Elastically scattered light from tissue carries morphological and spectroscopic information that can be used to assess tissue health. A variety of optical techniques have been developed that use singly scattered light (light scattering spectroscopy) [1,2] or diffuse light (elastic scattering spectroscopy, also known as diffuse reflectance spectroscopy) [3,4] for effective identification of precancerous and cancerous growths in the epithelial layer of tissue where the majority of human cancers originate. As another “optical biopsy” technique, angle-resolved low coherence interferometry (a/LCI) combines the sizing capability of angular light scattering with the depth resolution of optical coherence tomography (OCT) to obtain quantitative morphological and optical information about the biological scatterers from epithelial and subepithelial layers, and it has been effectively applied to diagnose intraepithelial neoplasia . To enable clinical applications of this technique, previous a/LCI systems have employed Fourier-domain low coherence interferometry to reduce data acquisition time. The incorporation of a fiber bundle further improves system speed by parallel detection and makes possible the endoscopic application of the technique .

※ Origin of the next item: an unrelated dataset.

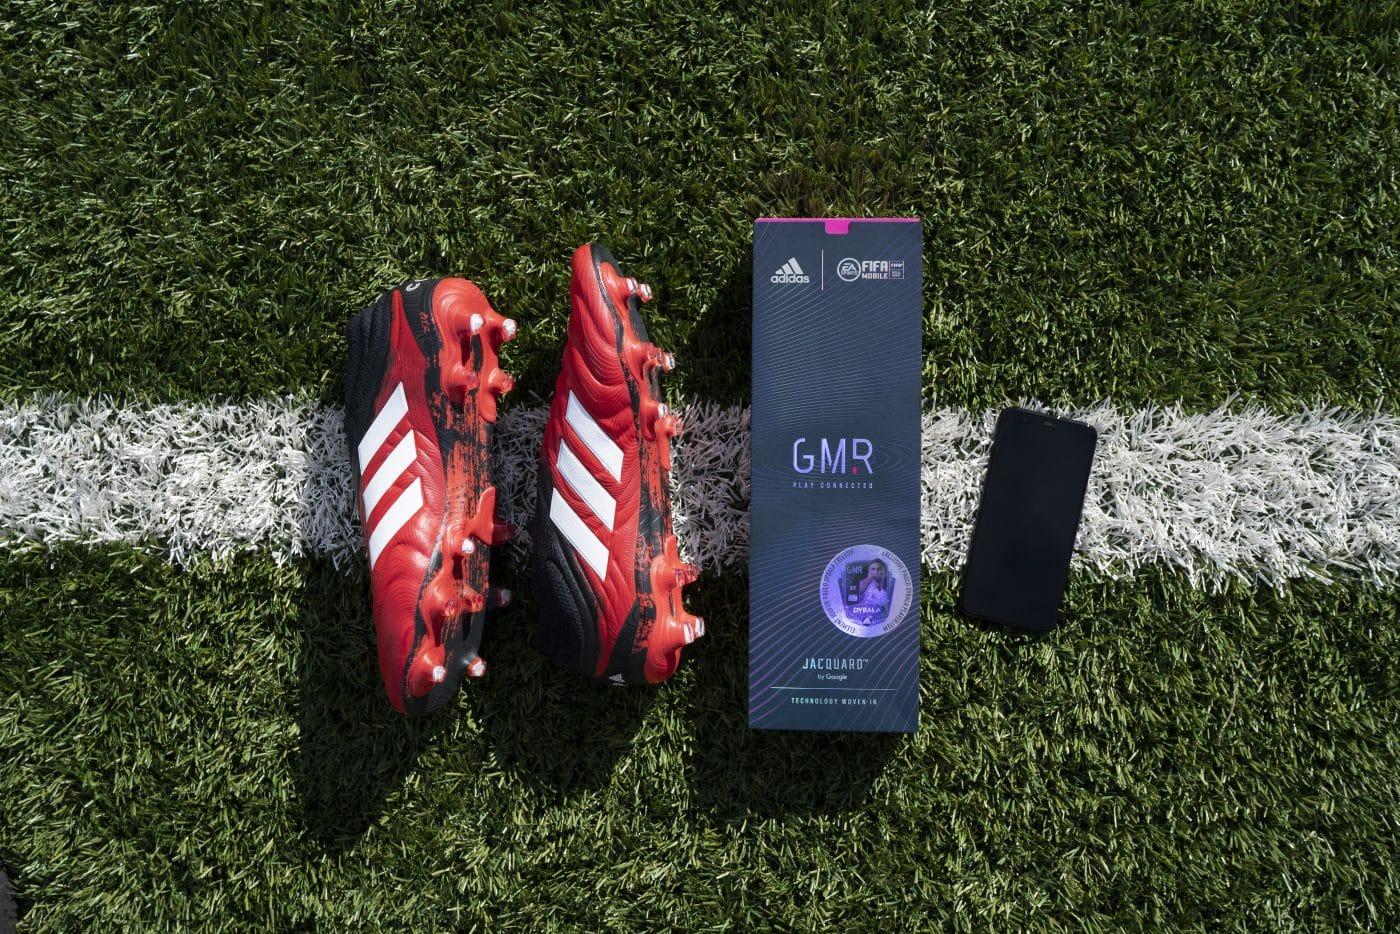 adidas-GMR-semelle-chaussures-de-foot-ea-sports-footpack-6
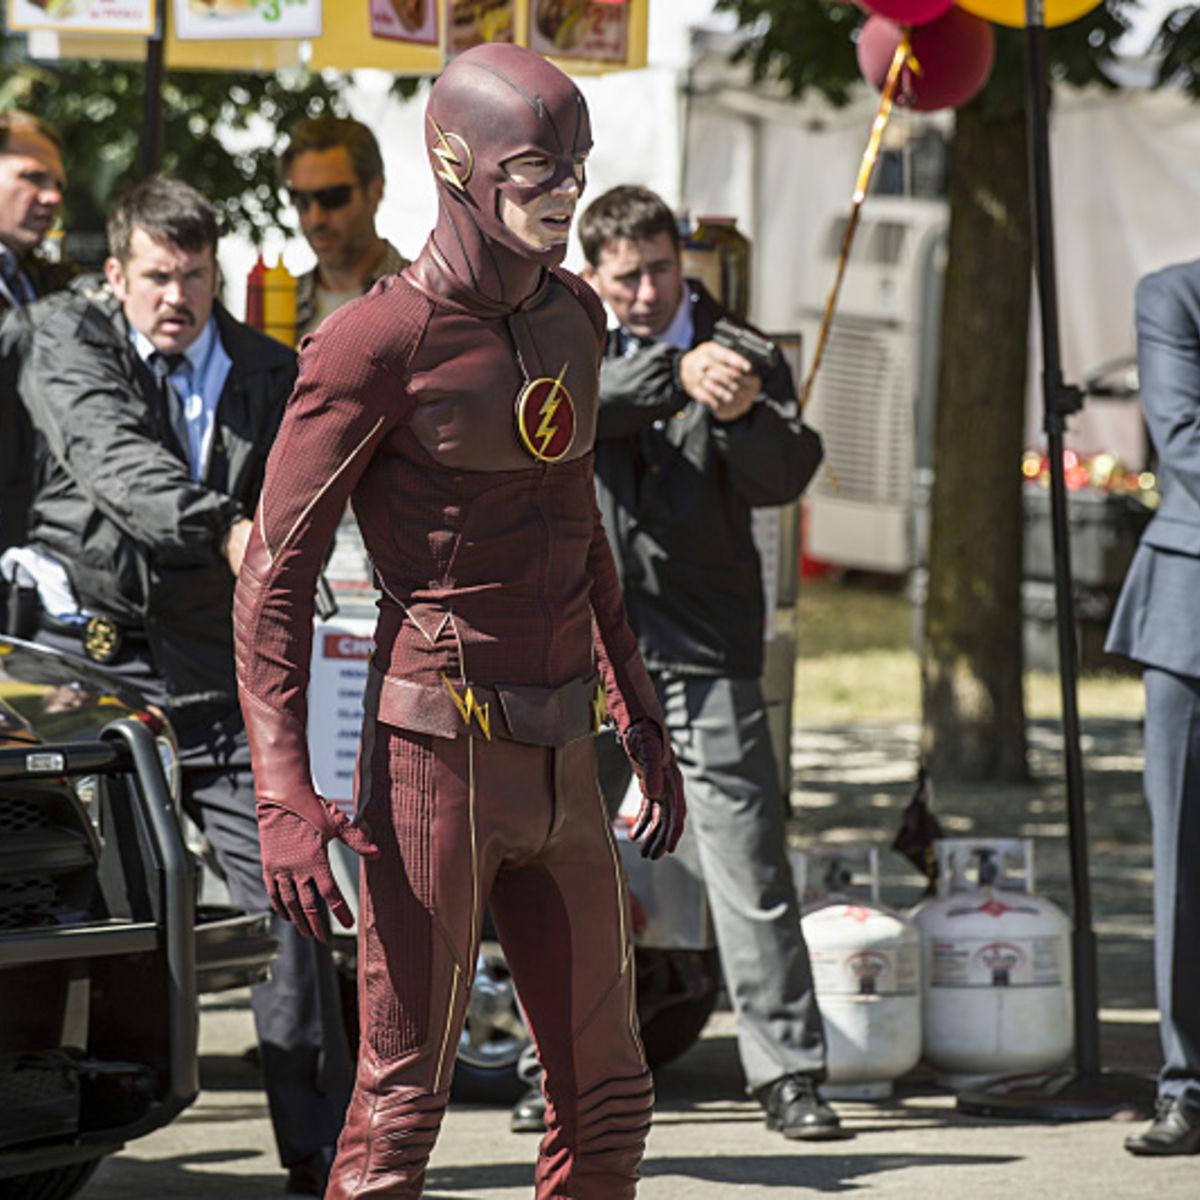 The-Flash-Season2-Episode1-preview-pic-19_0.jpg

In this Letter, we present an implementation of Fourier-domain a/LCI by the use of a scanning fiber probe to collect the angular scattering from the sample. Unlike the fiber-bundle-based probe, whose length and cost may be subject to manufacturing capability, the proposed probe is not restricted by length and has the potential of reduced cost. More importantly, the single-mode fiber-based configuration maximizes its compatibility with standard OCT systems, which permits the a/LCI system to directly incorporate the many hardware and software platforms already developed for OCT.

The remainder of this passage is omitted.